The 2002 census recorded 535,140 Roma (2.5 per cent of the total population) but other estimates such as the European Commission (2004) and UNHCR (2004) both put the Roma as numbering between 1,800,000 and 2,500,000. Sixty per cent of Roma speak Romani and/or Romanian, the remainder Hungarian, German, Turkish or Bulgarian. Most Roma in Romania are Orthodox Christians, but some are Catholic or Protestant.
Roma remain under-represented at national and local levels, but EU integration and the engagement of domestic and international civil society organizations have kept their problems on the Romanian agenda. An important development remains the Decade of Roma Inclusion, initiated by the World Bank, the Open Society Institute and the Hungarian government in summer 2003, to which the Romanian government has signed up. It is set to run from 2005 to 2015 and has four priority areas: education, employment, health and housing, and two cross-cutting areas, gender and non-discrimination. To date, however, the record been mixed. In 2005 the government estimated that around 50,000 Roma lacked identity documents, which made efforts to tackle such problems as inadequate housing and unemployment that much more difficult. A new National Employment Plan, approved in August 2006, provided targeted action for minorities, including Roma, and the administrative capacity of the National Agency for Roma improved in 2006 as regional offices were being developed. However, implementation is slow and the social inclusion of the Roma remains a problem; overall living conditions are still inadequate; unemployment of Roma remains high; police abuse against Roma is a persistent problem; many Roma children still face de facto segregation at school, and forced evictions continue.

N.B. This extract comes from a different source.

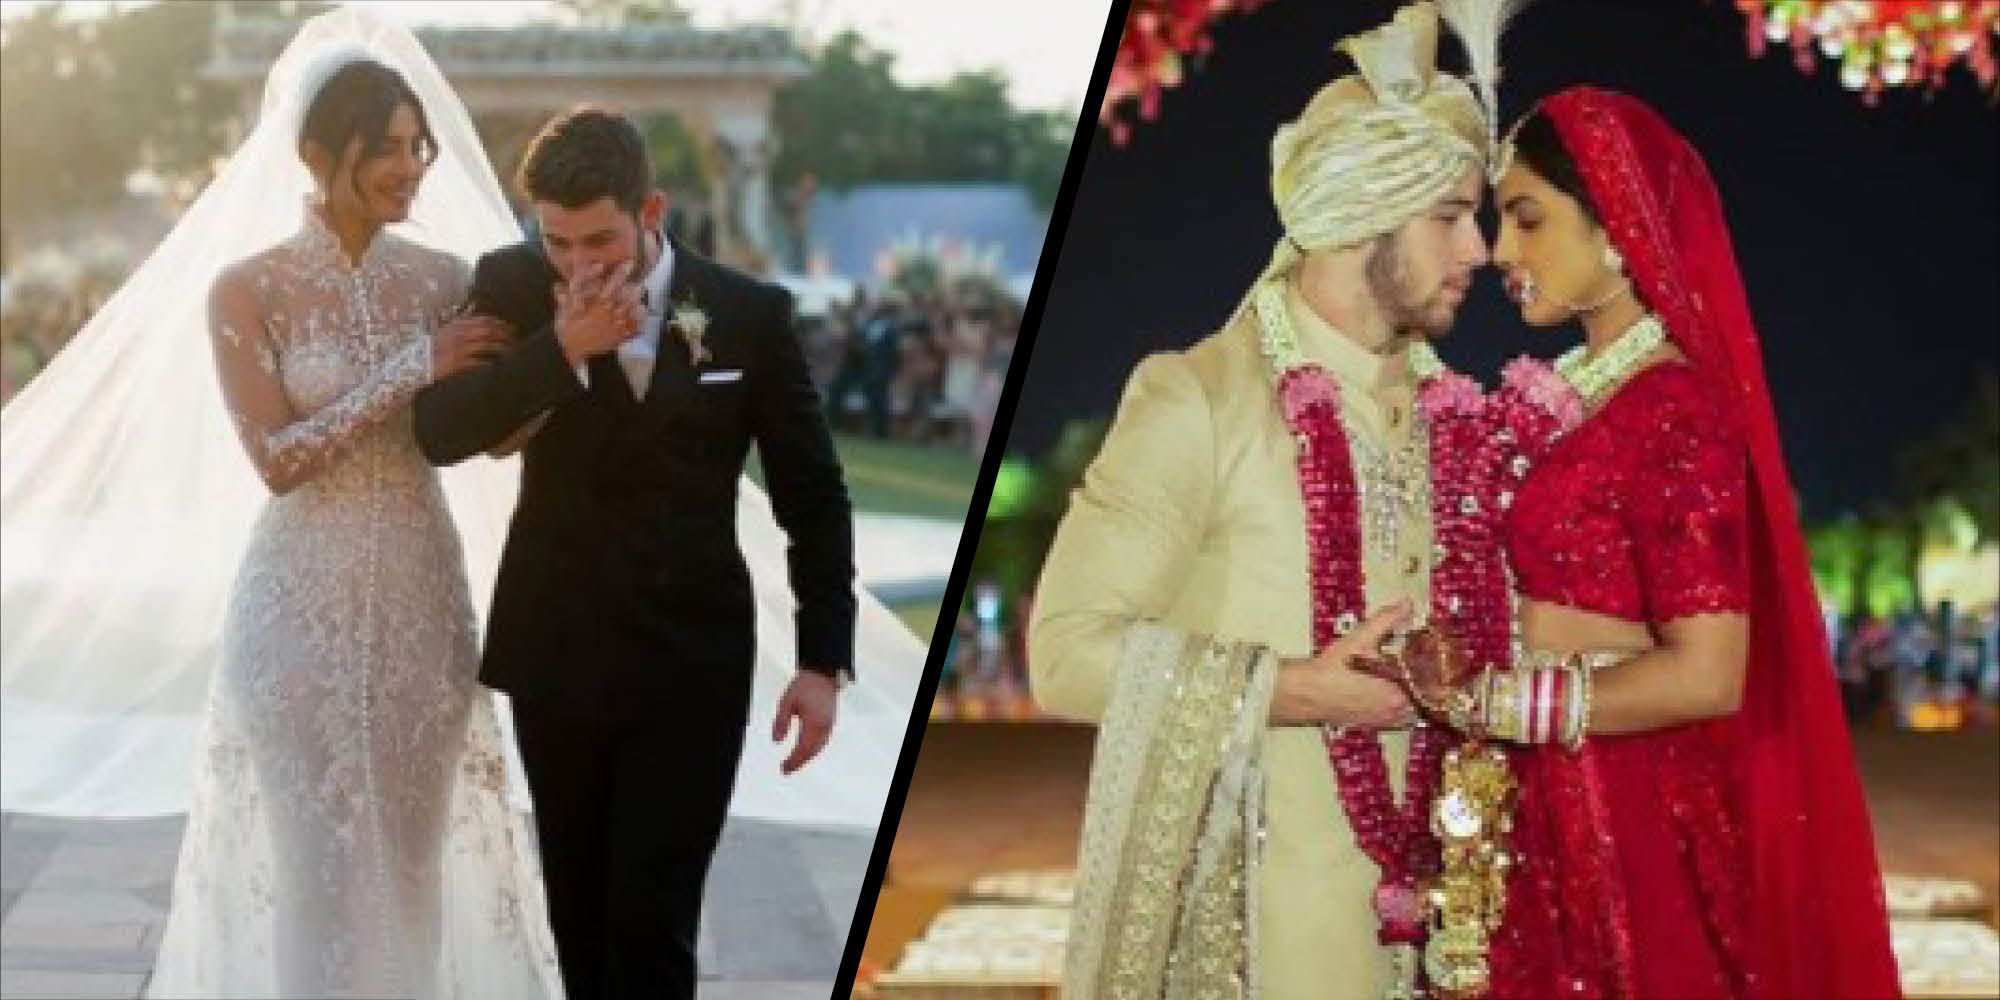 Video shows tiny unseen details in Priyanka Chopra's wedding dress |  Mashable

In 2007, Romania's most senior officials offered reminders of the deep hostility towards Roma that still permeates much of Romanian society. In May 2007, President Traian Basescu called a reporter ‘a stinky Gypsy', a comment judged defamatory by the National Council for the Fight against Discrimination. Then in July, Prime Minister Calin Popescu Tariceanu was reported to have made remarks generalizing Roma as criminals.